Du coup, je me suis dit, si Madame n’aime pas, c’est que ça la gêne peut-être. Le fait que je rebondisse lourdement comme un sac justement quand elle trotte ne doit pas être agréable et donc, elle l’évite. Je me suis par conséquent lancée dans le trot en mode « normale ». Mais elle n’ose pas et se stresse… J’arrive dans une impasse je crois. Heureusement que mes cours avec Alain ne vont plus tarder à reprendre….

Je vais tenter de passer à autre chose, l’extérieur monté. Changer de la routine nous fera du bien et vue que Madame se montre exemplaire au champ, on va commencer sa vie de jument de balade.

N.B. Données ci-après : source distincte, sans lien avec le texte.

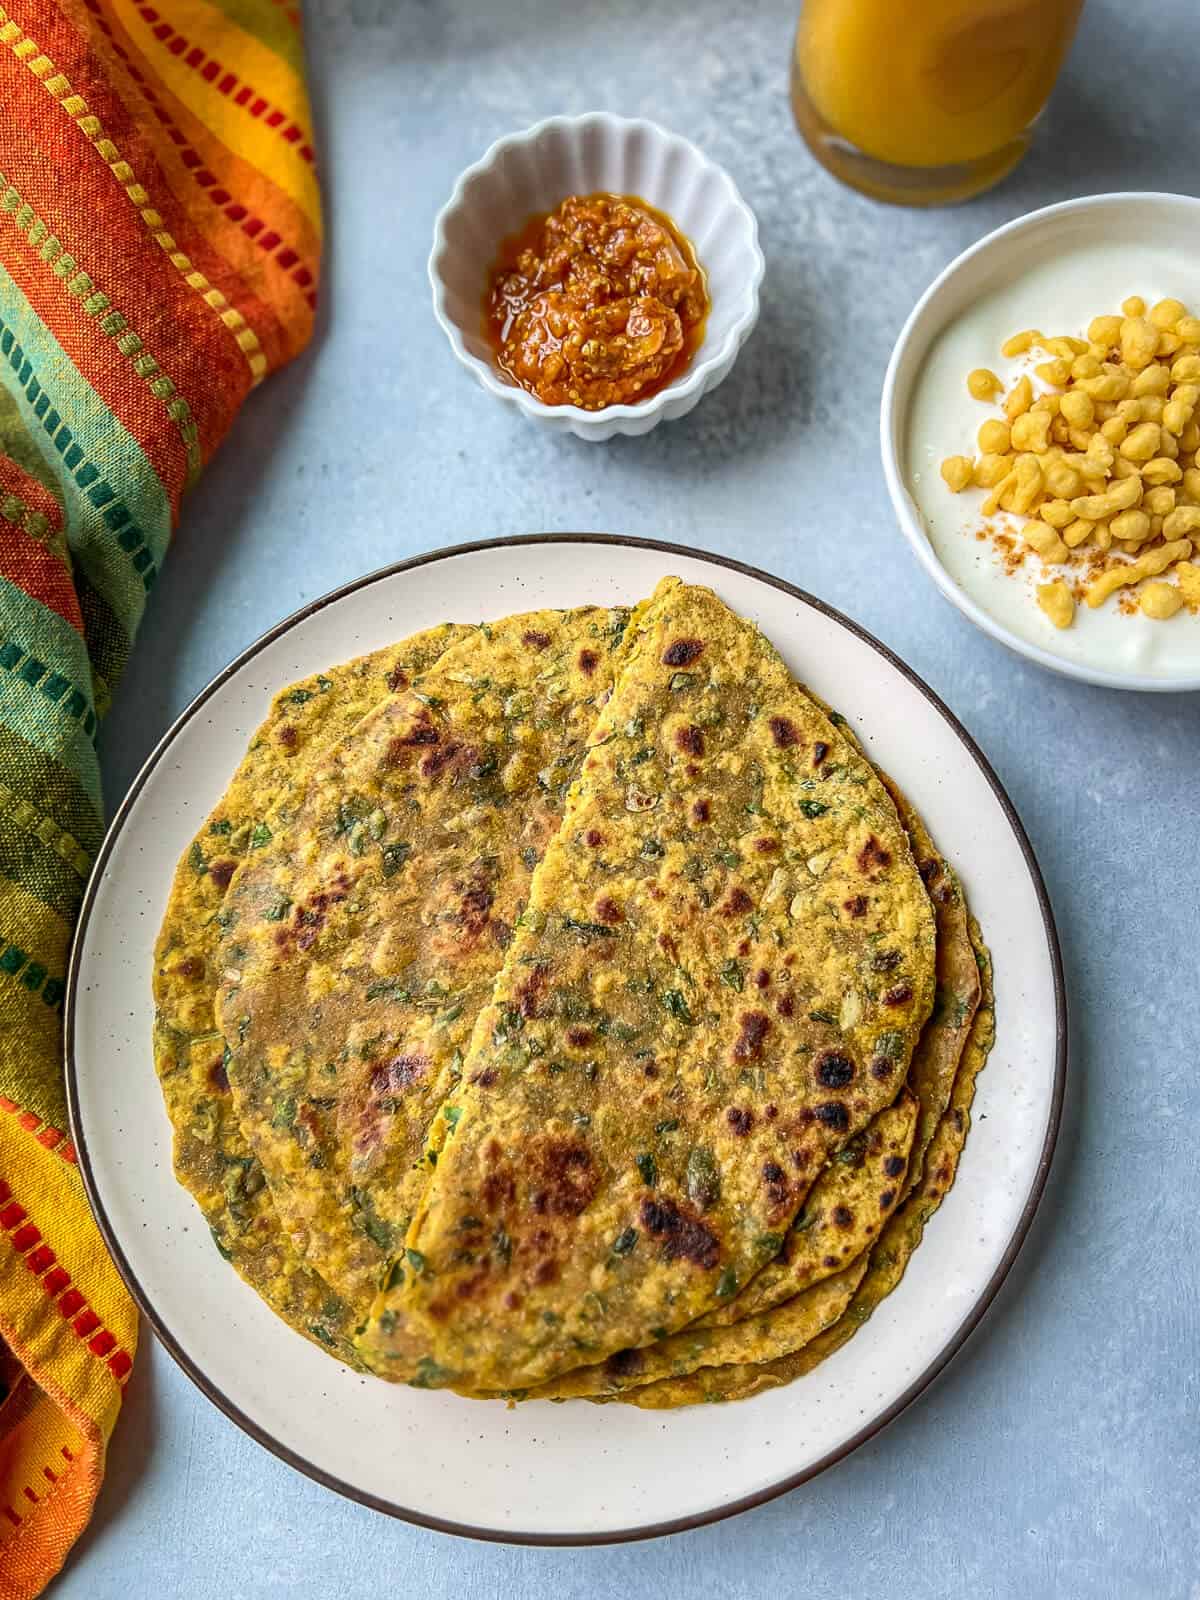 A stack of paratha on a plate, with bowls of raita and pickle on the side.

Par contre, après une séance avec Madame j’ai autant de poil qu’elle. Et pourtant je panse bien la miss avant!

 

Résultat épandage

En Novembre, j’avais commencé à épandre du crottin dans mon champ, sur les parties les plus clairsemées. Nous voilà au printemps et les premiers résultats commencent à se faire voire.

L’idée d’épandre du crottin m’est venu lorsque j’ai vue que les zones de refus de mon champ, là où mes grosses faisaient leur crottin principalement étaient toujours recouvert d’une couche d’herbe plus verte et plus touffu.

Zone de refus d’une de mes parcelles. On voit bien l’herbe qui pousse plus vite et en grande quantité.

Après des mois d’attente, voici le résultat de mes épandages :

 un endroit où je n’ai pas mis de crottin

 et un endroit où j’en ai mis.

La différence est flagrante, l’on voit bien que le crottin est venu apporter un gros plus aux plantes. C’est donc quelque chose que je vais continuer sur le long terme. Certes cela demande du temps, mais honnêtement quand je vois le résultat, je ne vais pas me priver des avantages!